During the dreaded morning ritual of combing the knots from Eva’s hair, bottom to top, piece by piece: “Stop, Mama! I have a hairache!”
Quotables
This would not go over well with most of our neighbors.
Exclaimed a bare-chested Tyler, while running ecstatically in shorts and flip-flops under an oddly blazing March sun: “Mama, you should take off your shirt. It’s really warm out here!”
If there’s one thing she can’t stand, it’s daredevil stunts in parking lots.
Every time Eva sees two adults walking side by side in parking lot: “Ugh oh! They’re not holding hands!”
I love him with every beat of my throat.
One thing I’ll miss after my kids grow up is having little people around who think I perform magic tricks. Like when I stand in front of a mirror with Anna—she looks at my reflection, then at me, then at my reflection, then at me again. How did I double myself right before her eyes? She stares at me like I’m Houdini.
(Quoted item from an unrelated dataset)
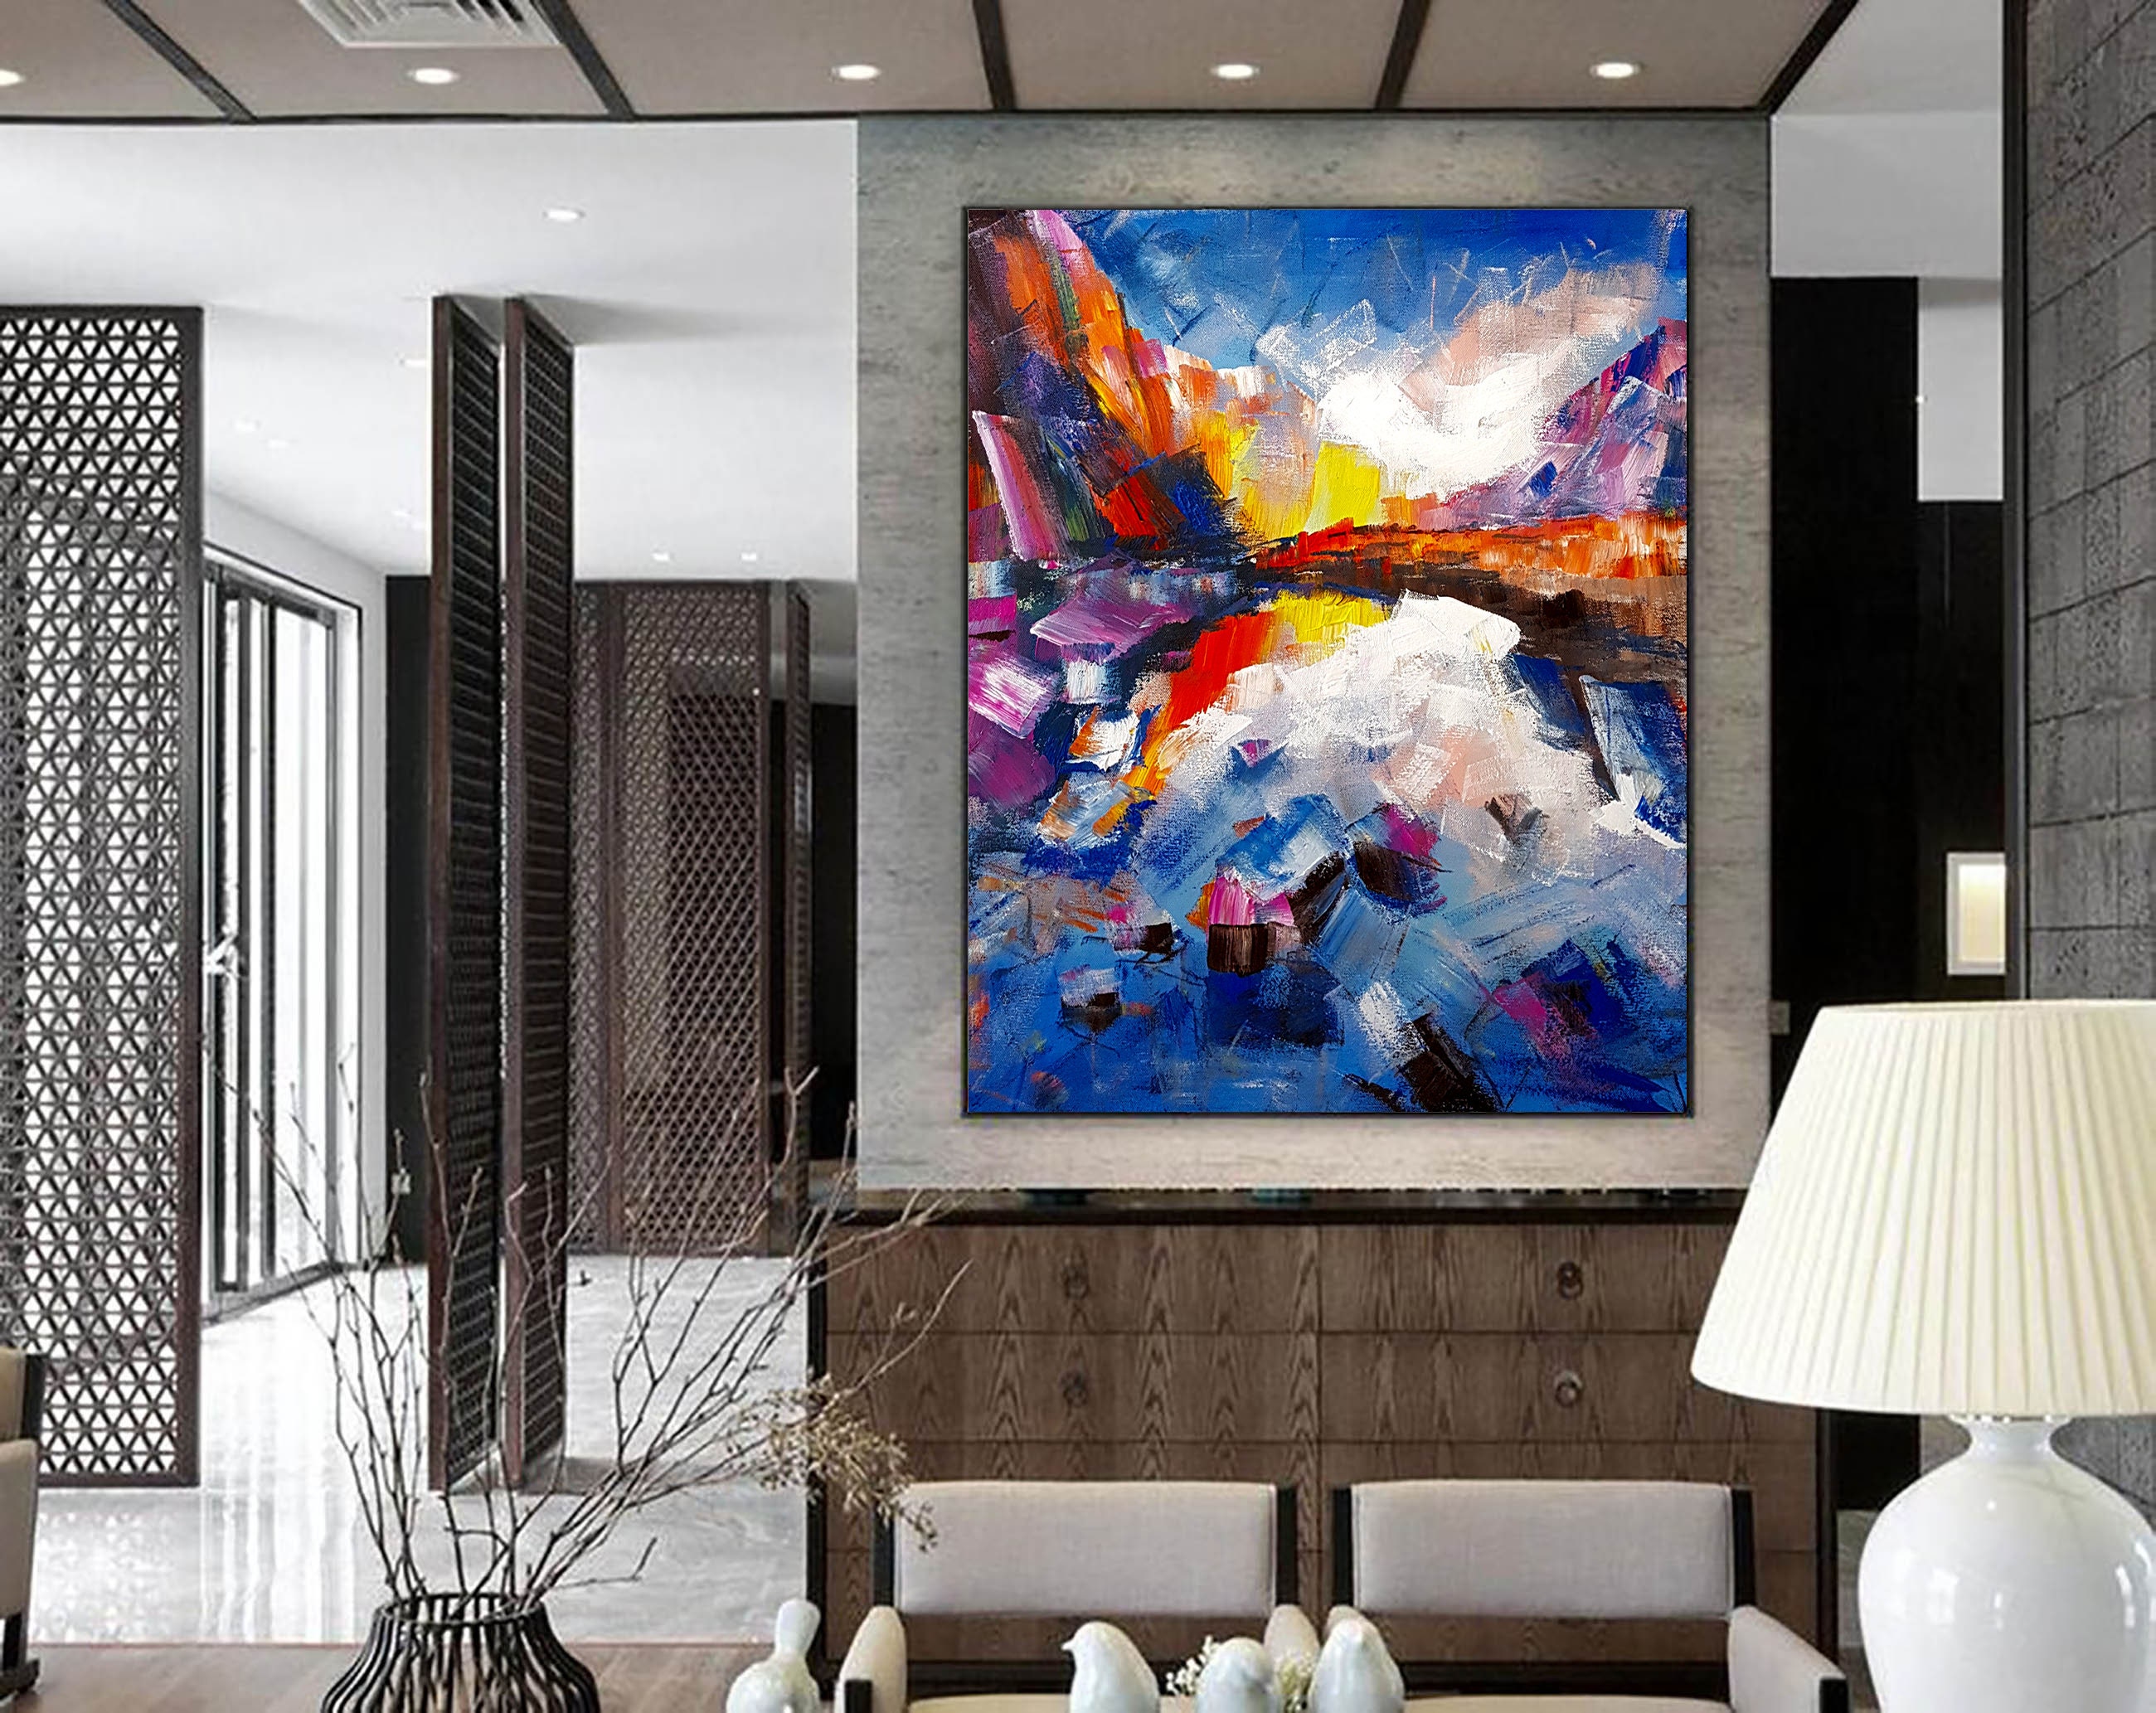 Large Abstract Painting On Canvas,Large Painting On Canvas,Painting Home  Decor,Canvas Large,Livingroom Decor

As Tyler gets older, I’ve noticed that more and more I am losing my magical powers. Maybe it started happening when he realized the only electronic or technological problems I can solve are the ones that require a battery change. “Go ask Daddy,” I say right on cue, thereby handing the magic wand over to Doug. Reluctantly, he assumes the role of Head Magician.
Tonight I was reading Tyler a bedtime story, and he had his hand draped around my neck, and his hand rested on the pulse in my throat. He sat very still as I read, and I thought he was focusing on the story. Suddenly he bolted upright, eyes bulged and demanded, “Mama! How did you put your heart in your neck?”
The magic is back. At least, until the next Leapfrog Leapster malfunction.